Мы шли всю ночь и говорили и даже усталости почти не чувствовали. Поняли мы, как устали, только утром, когда вдруг увидели среди дюн уходившие далеко-далеко телеграфные столбы. Добежав до первого же столба, я обнял его, как если бы он был родной. Он и был сродни тем столбам, что проходили мимо маяка нашего детства, где я вырос и научился мечтать. И в нём так же гудело таинственно и хорошо.
Мы пошли вдоль телеграфной линии и шли, пока не наткнулись на домик линейщика, в точности такой, как у моего отца. В нём жили муж, жена и шестеро детей. Все сначала испугались, уж очень мы были оборванные и грязные, а потом накормили, вымыли и позвонили в район. В тот же день мы связались по телефону с Лизой, спросили насчёт Мальшета, но она еле говорила от волнения, и мы ничего не поняли, только встревожились.
А на другое утро за нами прилетел самолёт и доставил нас домой — в Бурунный.
Глава восьмая
ДОМА
Когда самолёт приземлился в Бурунном, меня поразило огромное скопление народа. Я только хотел спросить, какой сегодня праздник, как понял, что это нас так встречают.
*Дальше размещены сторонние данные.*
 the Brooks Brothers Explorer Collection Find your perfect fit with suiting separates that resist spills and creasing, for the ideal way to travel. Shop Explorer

Впереди, еле держась на ногах от волнения, стояли отец, Лиза, Иван Матвеич. Мелькнуло улыбающееся доброе лицо Ивана Владимировича, каракулевая шапка председателя исполкома, лысина Афанасия Афанасьевича, пенсне Юлии Ананьевны. Были все учителя и ребята, пришли линейщики и ловцы, принаряженные рыбачки принесли с собой малых детей. Фома увидел председателя рыболовецкой артели и торжественно вручил ему сети. Нас чуть не задушили в объятиях, клубный оркестр самодеятельности играл туш, многие женщины плакали, некоторые даже причитали, а председатель исполкома произнёс приветственную речь. В общем, нас встречали, как полярников.
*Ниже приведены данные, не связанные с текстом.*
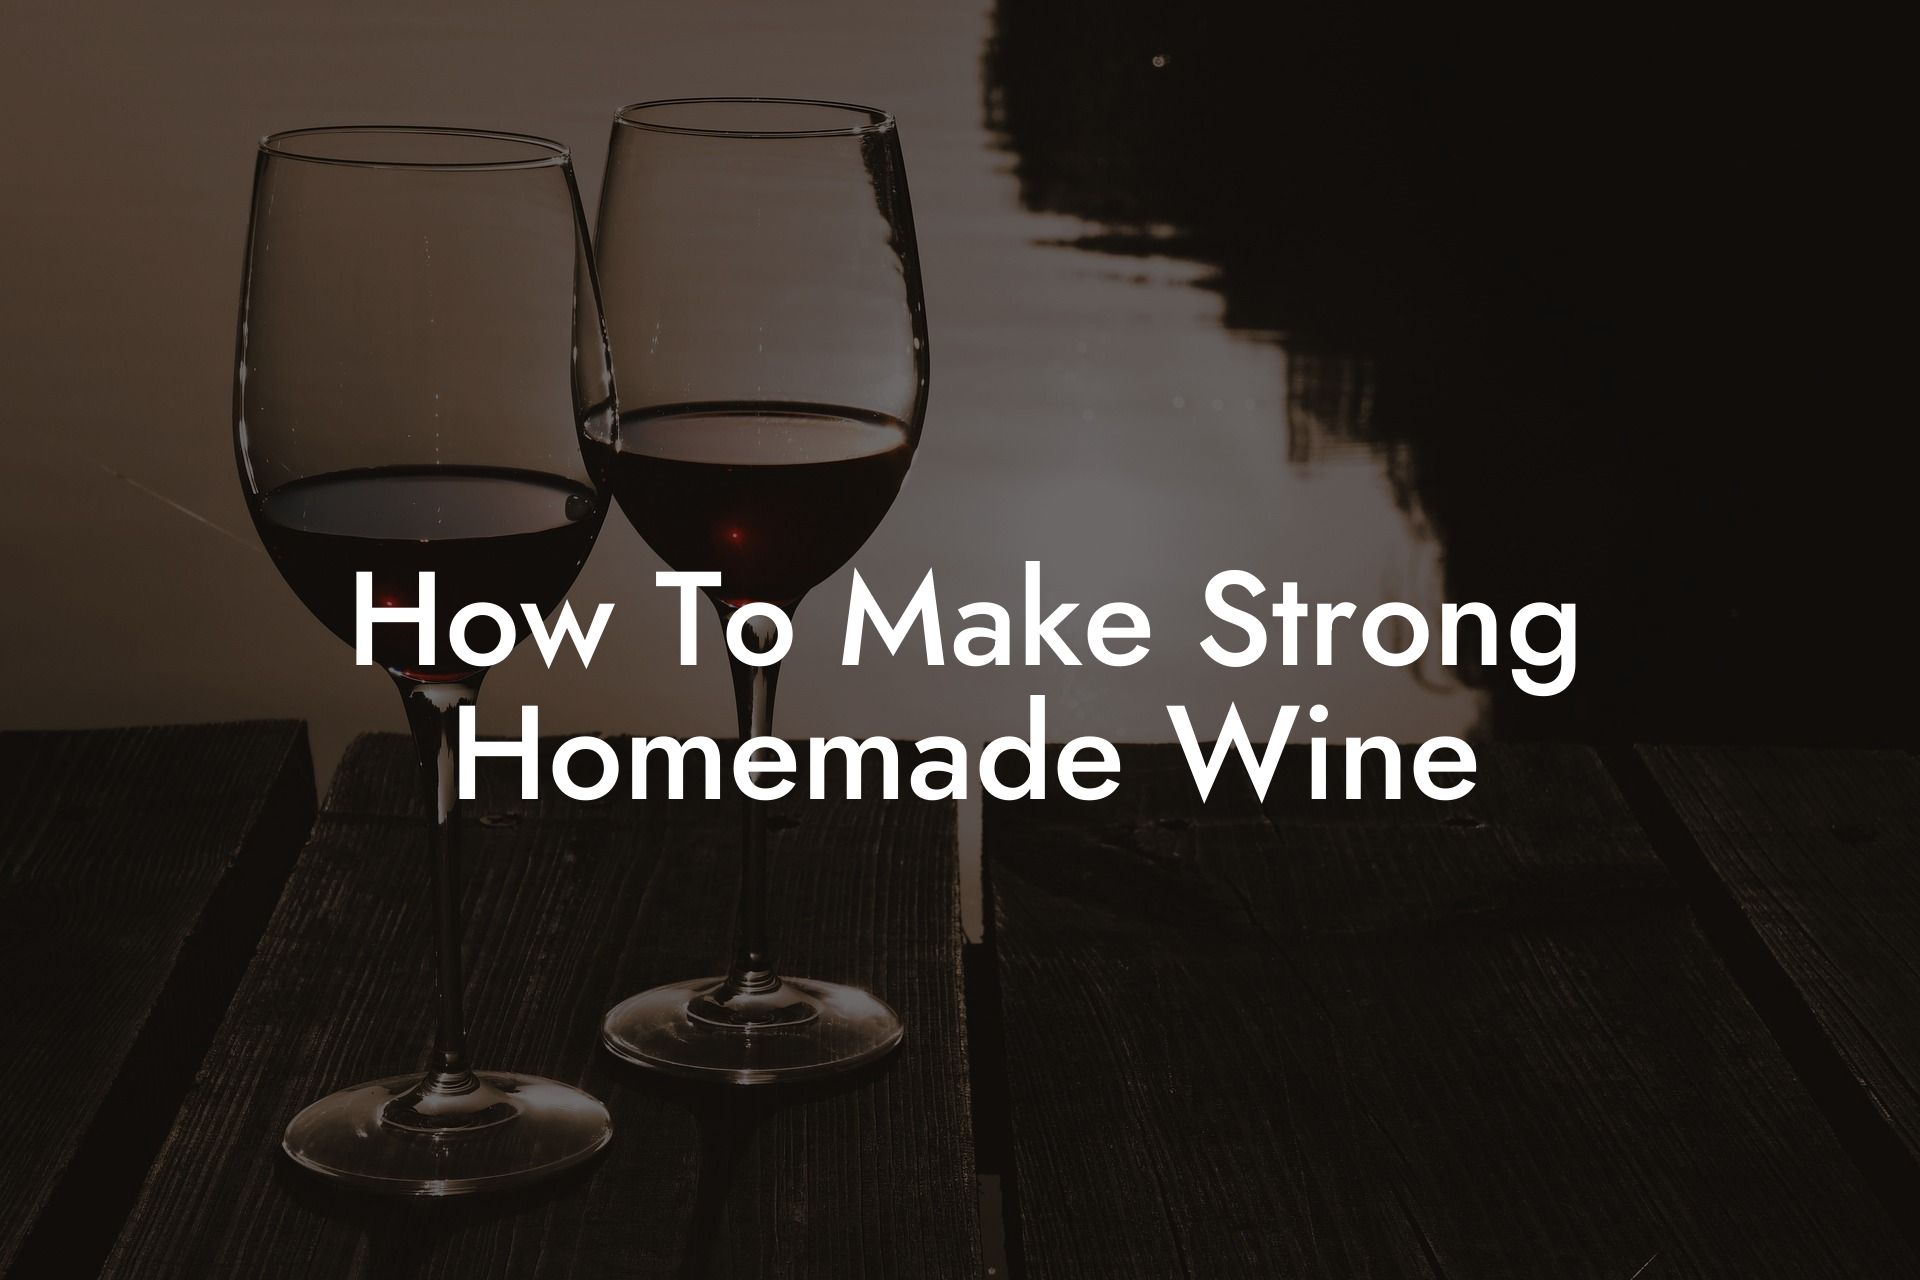 How To Make Strong Homemade Wine

Всё это было бы даже приятно, если бы не то обстоятельство, что родные выглядели так, будто вышли из больницы. Лизонька очень подурнела, глаза и рот стали больше, и я боялся, что она упадёт, когда она прижалась ко мне лицом. Отец стал совсем сухонький; когда он меня обнимал, у него тряслись руки и он всхлипывал совсем по-старчески. Дорого им обошлась эта экспедиция.
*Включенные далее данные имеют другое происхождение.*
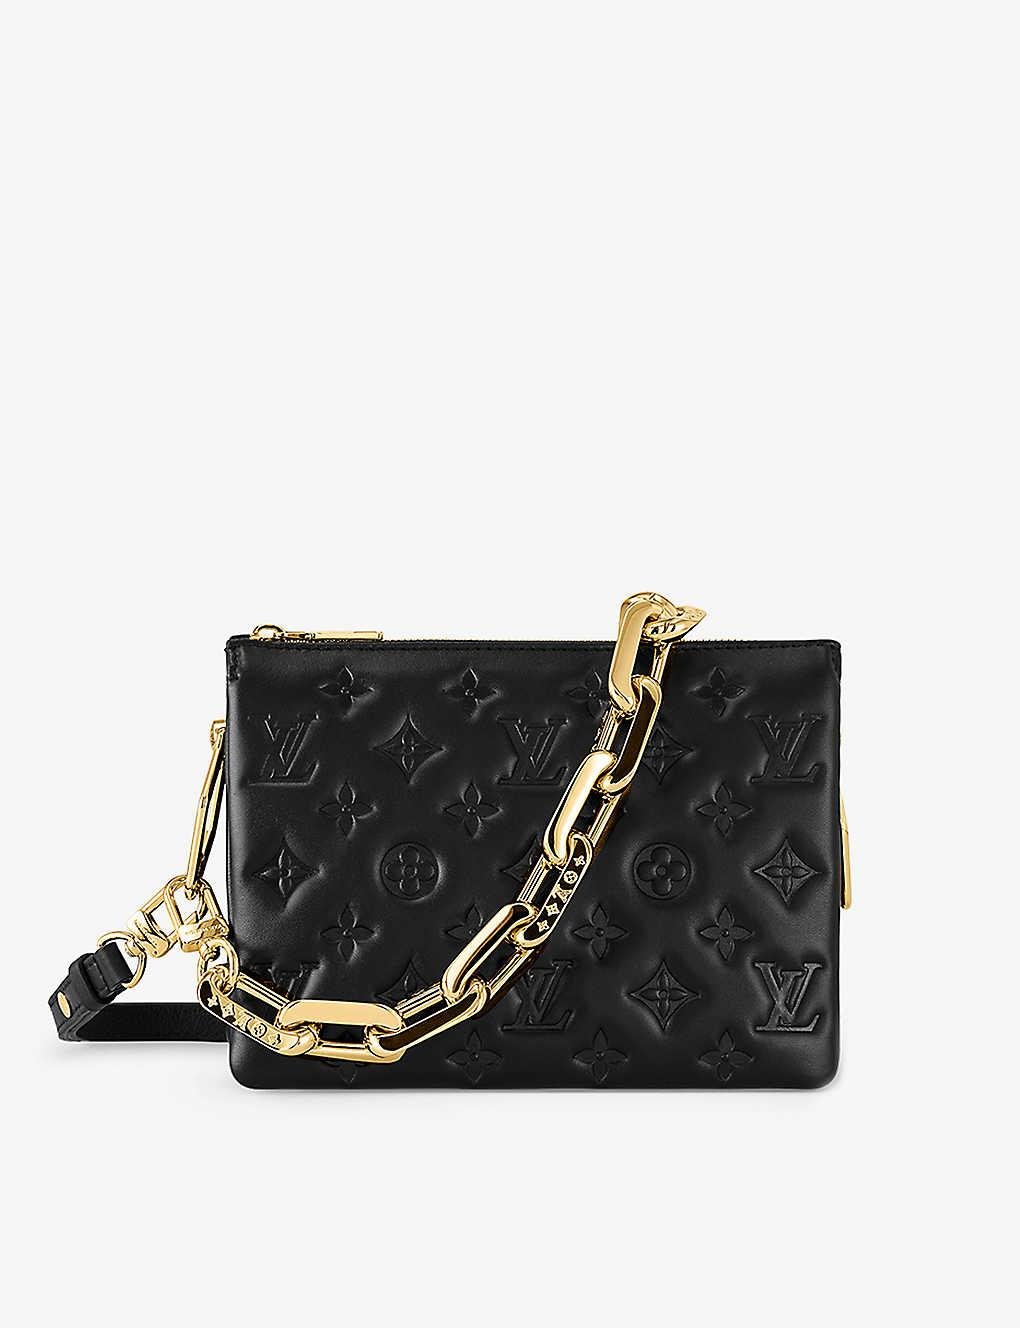 louis vuitton cross body with chain

Мачеха не смогла прийти: у них телилась корова. Иван Матвеич держался бодро. Он сам много раз бывал в относах и готов был к тому, что и сыну этого не миновать. Он трижды поцеловал Фому и похвалил его за то, что он не бросил колхозные сети. Целуя меня, он шепнул: «Цени сестру, любящая она у тебя, хорошая, умница». Афанасий Афанасьевич хлопал то меня, то Фому по плечу и смущённо улыбался.
Лиза совсем не могла говорить, только крепко держала меня за руку.
— Как Мальшет? — спросил я у Ивана Владимировича.
— Уже выписался... — разобрал я начало фразы, и нас повлекли в клуб, не дав и переодеться.
В клубе провели небольшой митинг, затем было бесплатное кино, а приглашённые отправились обедать к Ивану Матвеичу. Обедали в четыре потока, так как уместиться в избе все гости не могли.
Мы с Фомой переоделись в боковушке и теперь сидели на самом почётном месте, рядом с председателем исполкома. Я выпил вина и скоро опьянел — то ли с непривычки, то ли потому, что ослаб. Во хмелю я оказался на диво болтлив и так преувеличивал, повествуя о наших похождениях, что Фома толкал меня под столом ногой, а Лизонька подошла и шепнула на ухо: «Янька, не завирайся». Я только было начал рассказывать, как нас затянуло водоворотом в Чёрную пасть, но после этого обиделся и замолчал.
Ни моего вранья, ни обиды, по счастью, никто не заметил, так как гости тоже были пьяны. Все стали петь хором рыбацкие песни. Одна песня мне особенно понравилась, но, к сожалению, я не запомнил из неё ни одного слова и мотив забыл.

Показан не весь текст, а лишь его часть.